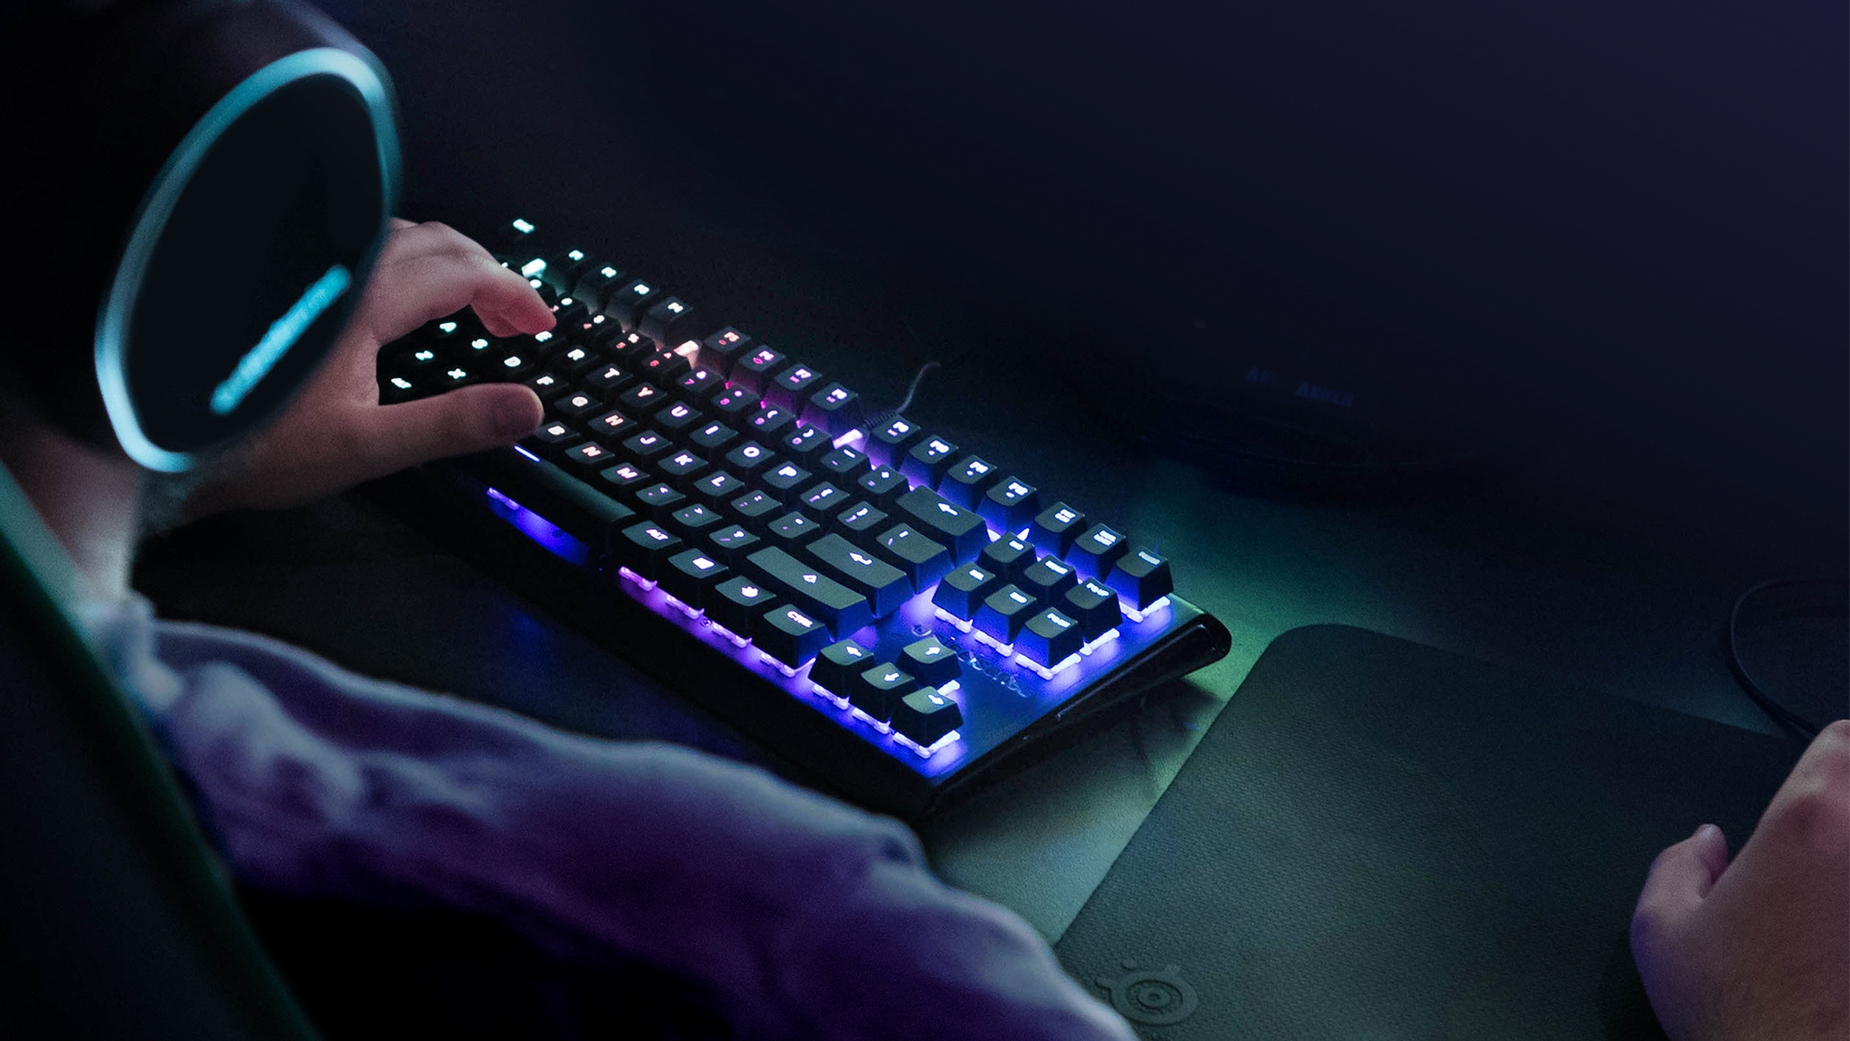 SteelSeries anuncia los teclados mecánicos para juegos más versátiles del mundo con accionamiento totalmente ajustable
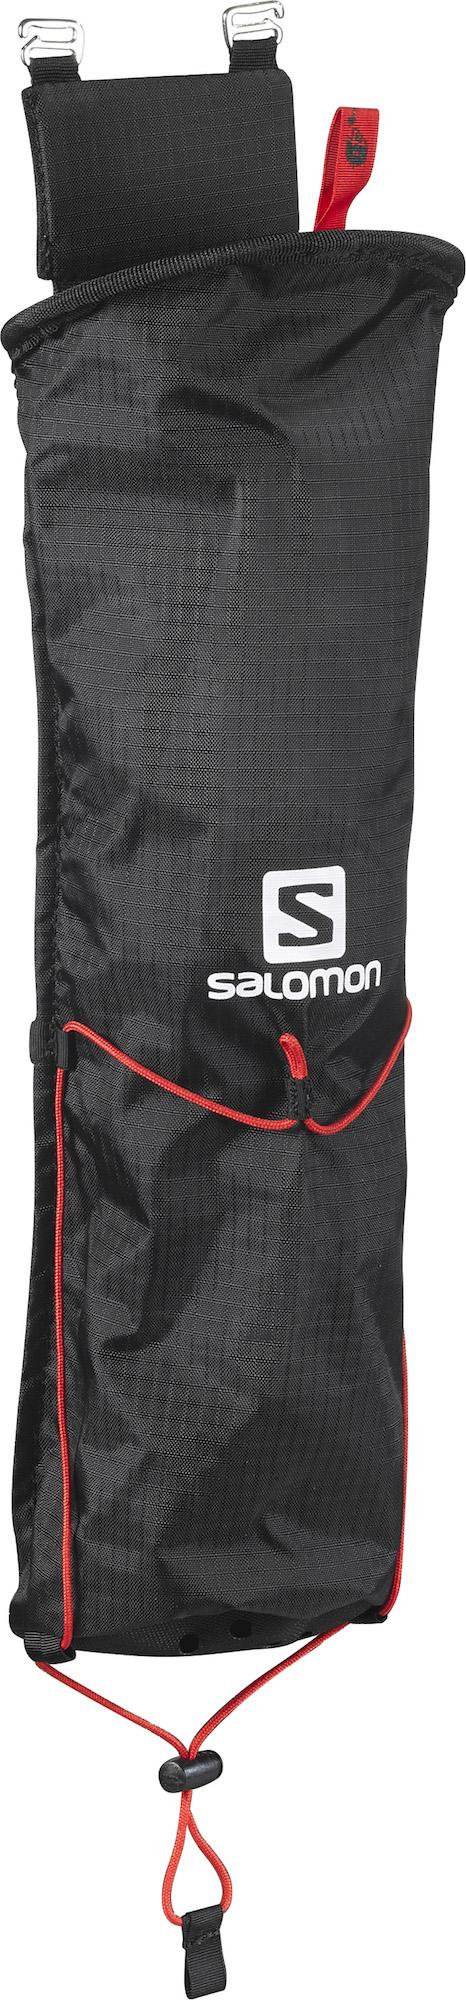 Salomon - Custom Quiver - Trekking pad
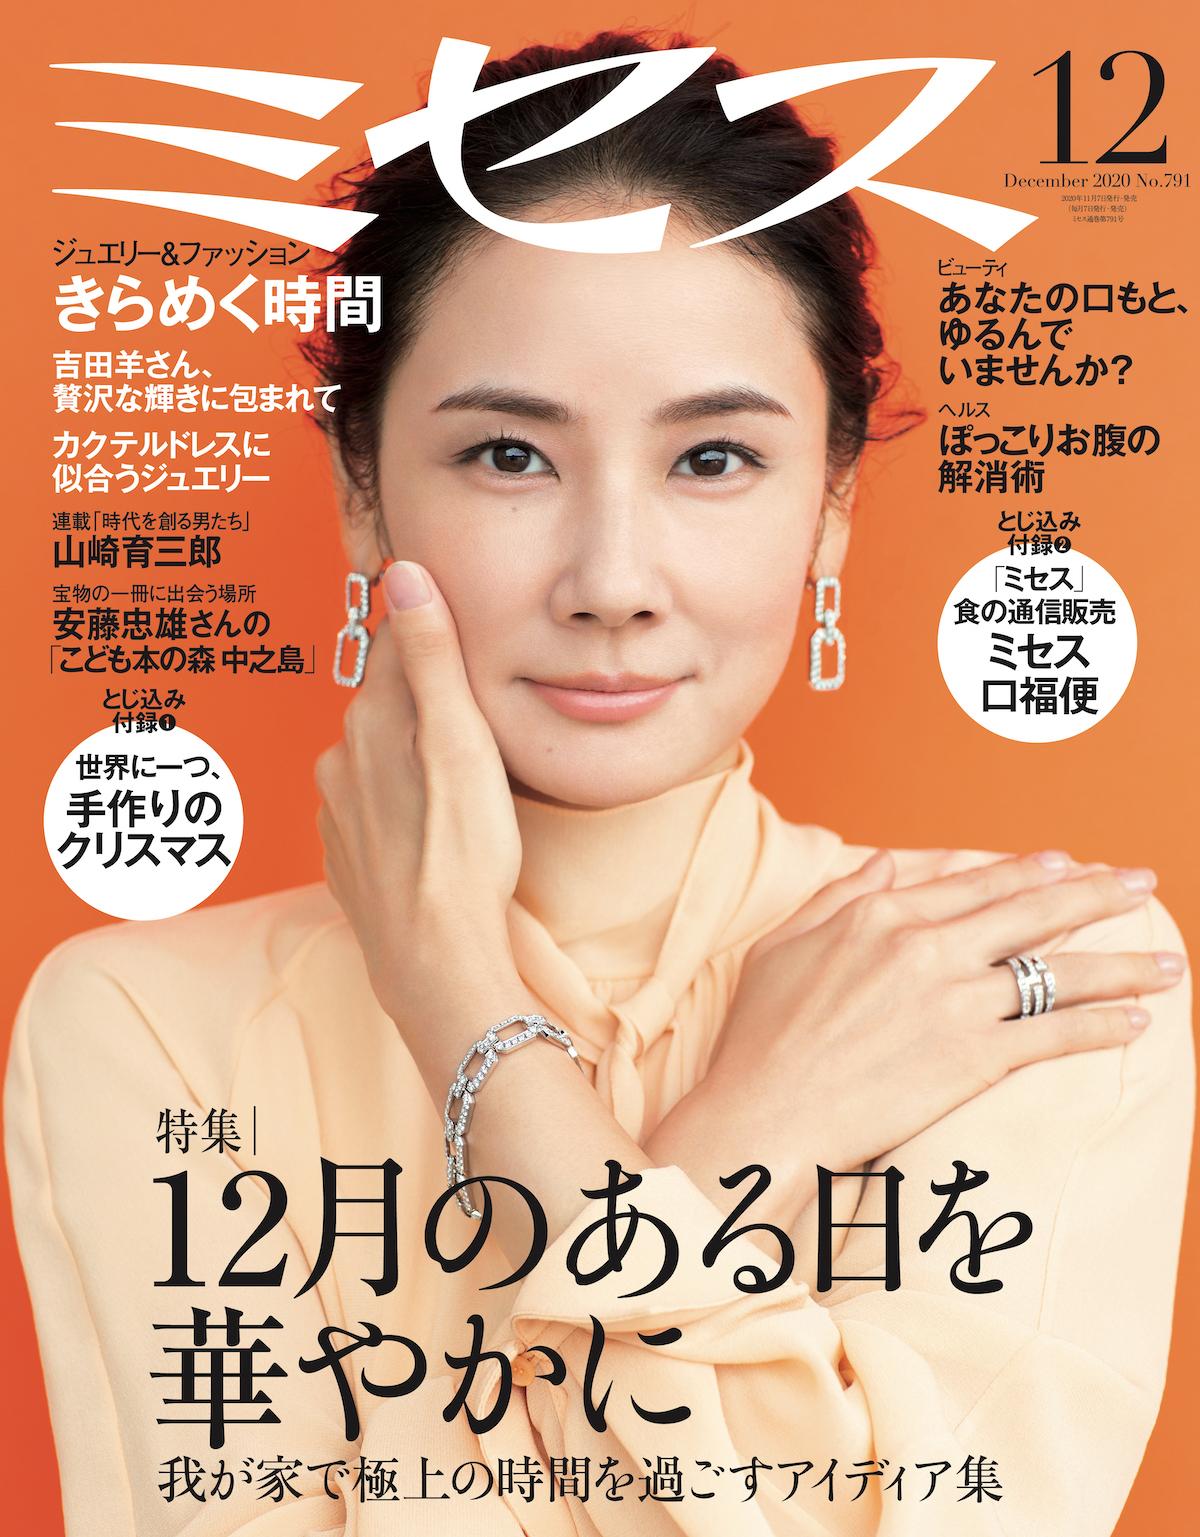 女性誌「ミセス」が休刊 60年の歴史に幕 | WWDJAPAN
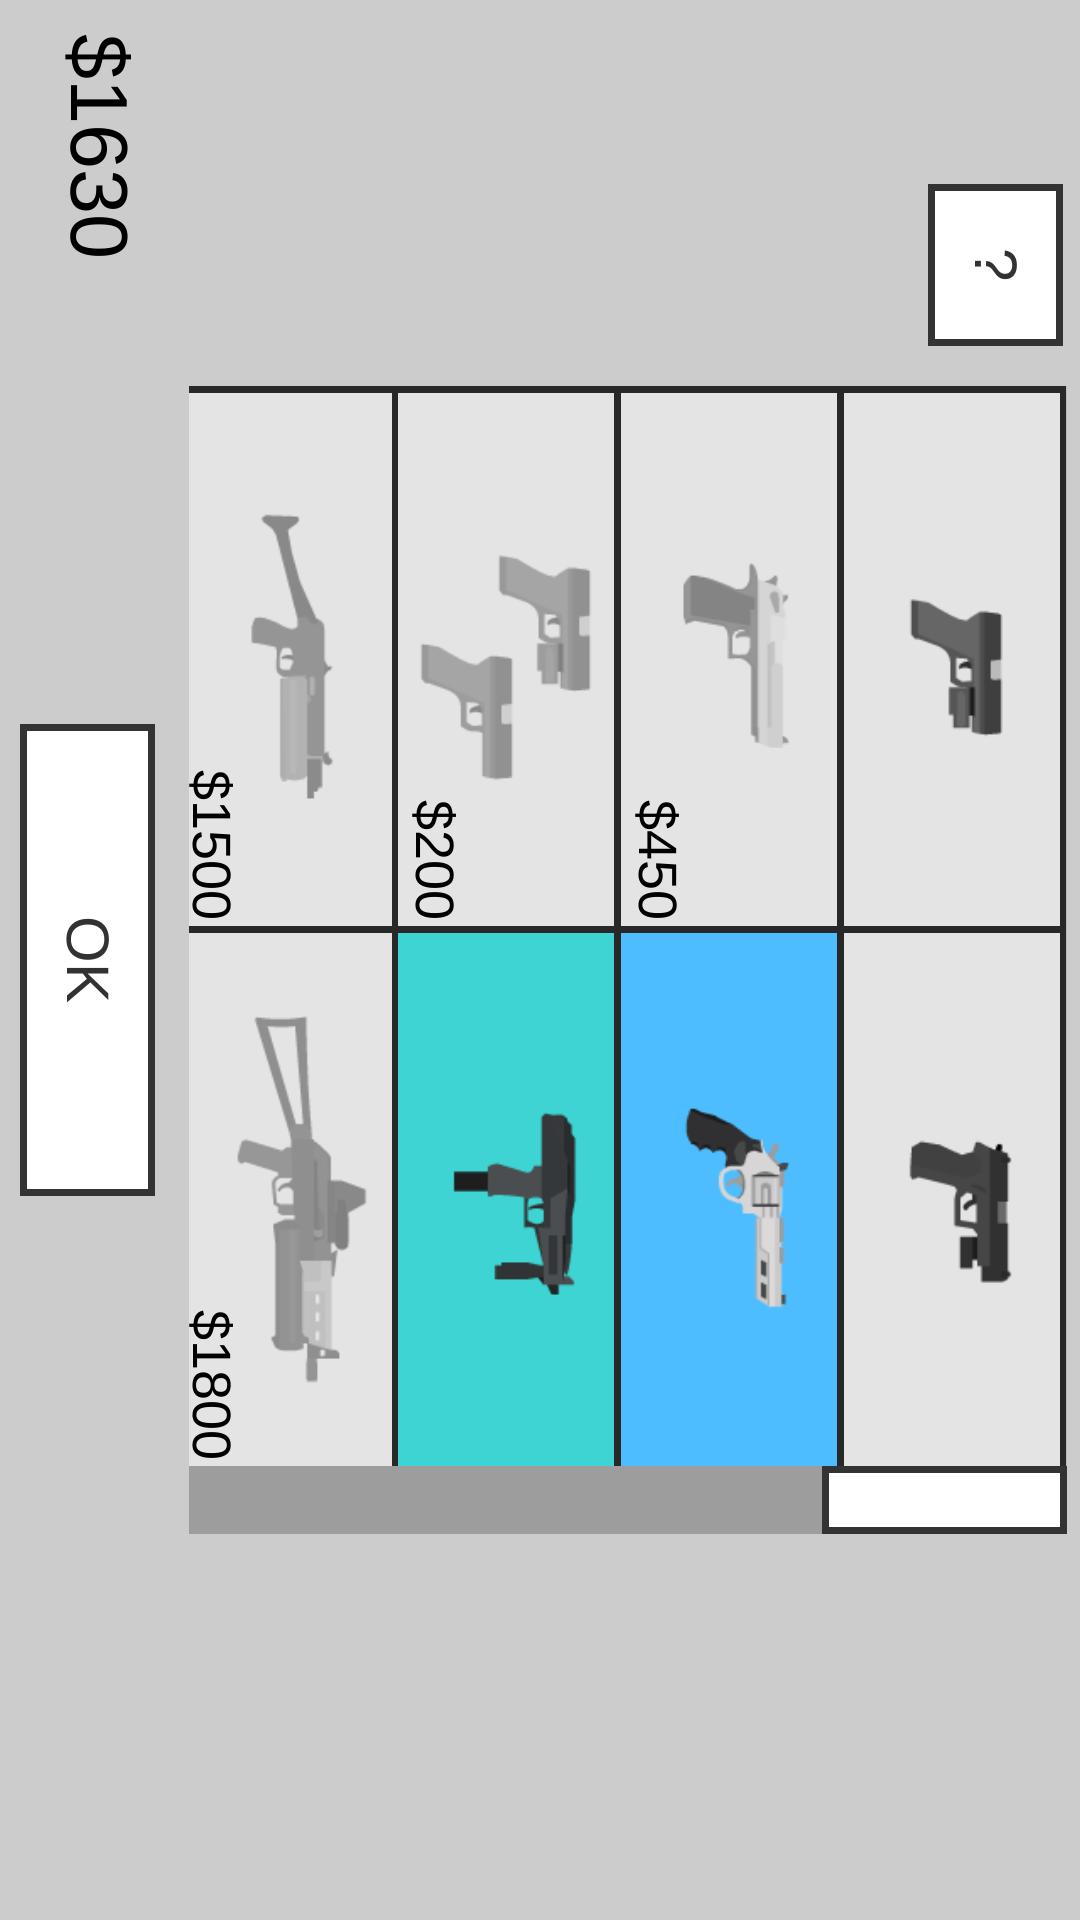 射杀僵尸防御中文最新破解版游戏截图
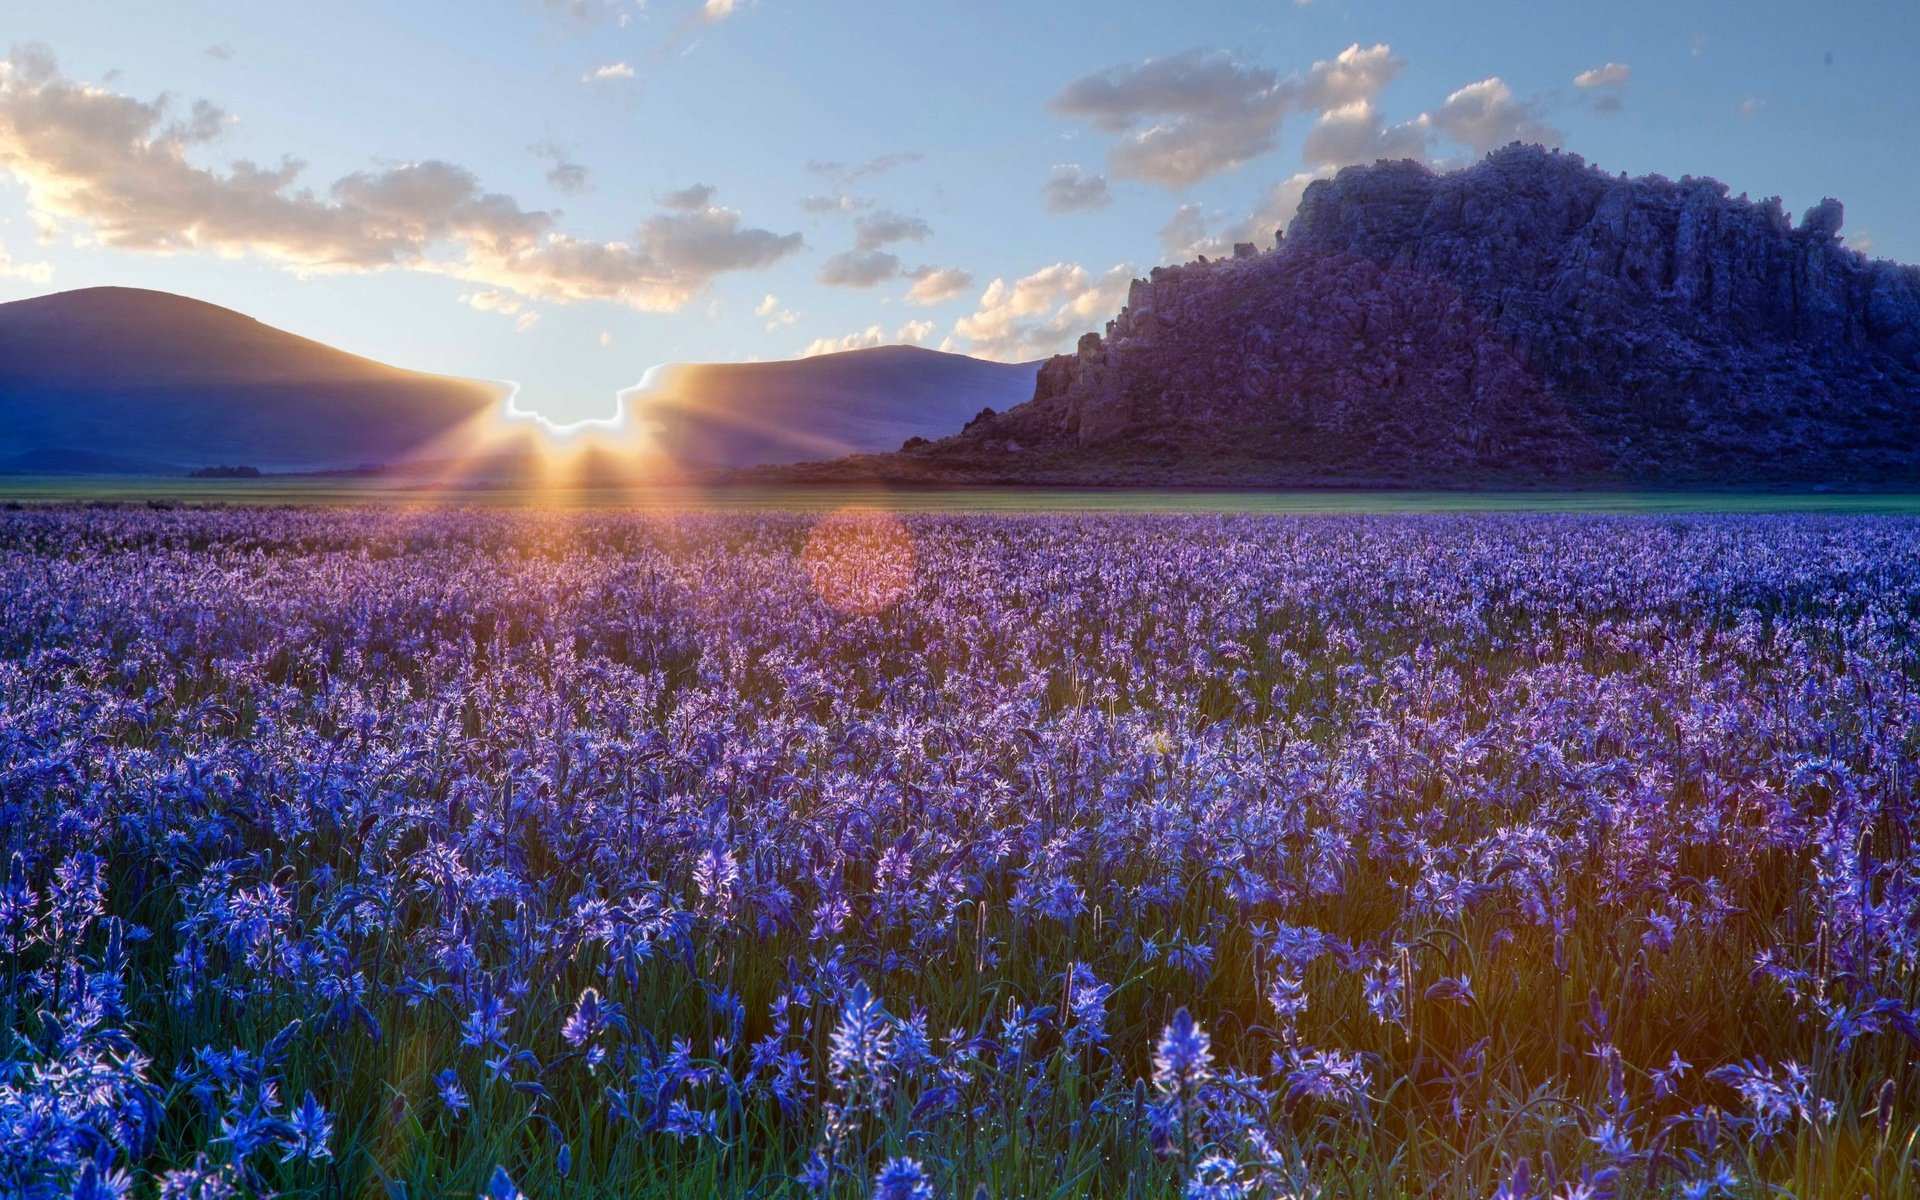 поле цветы рассвет field flowers dawn  № 3837119 загрузить

· · · ·

TASK DIRECTIONS
Instruction for this listing: copy it exactly, but leave the images behind.

ANSWER SPACE
 SteelSeries anuncia los teclados mecánicos para juegos más versátiles del mundo con accionamiento totalmente ajustable
 Salomon - Custom Quiver - Trekking pad
 女性誌「ミセス」が休刊 60年の歴史に幕 | WWDJAPAN
 射杀僵尸防御中文最新破解版游戏截图
 поле цветы рассвет field flowers dawn  № 3837119 загрузить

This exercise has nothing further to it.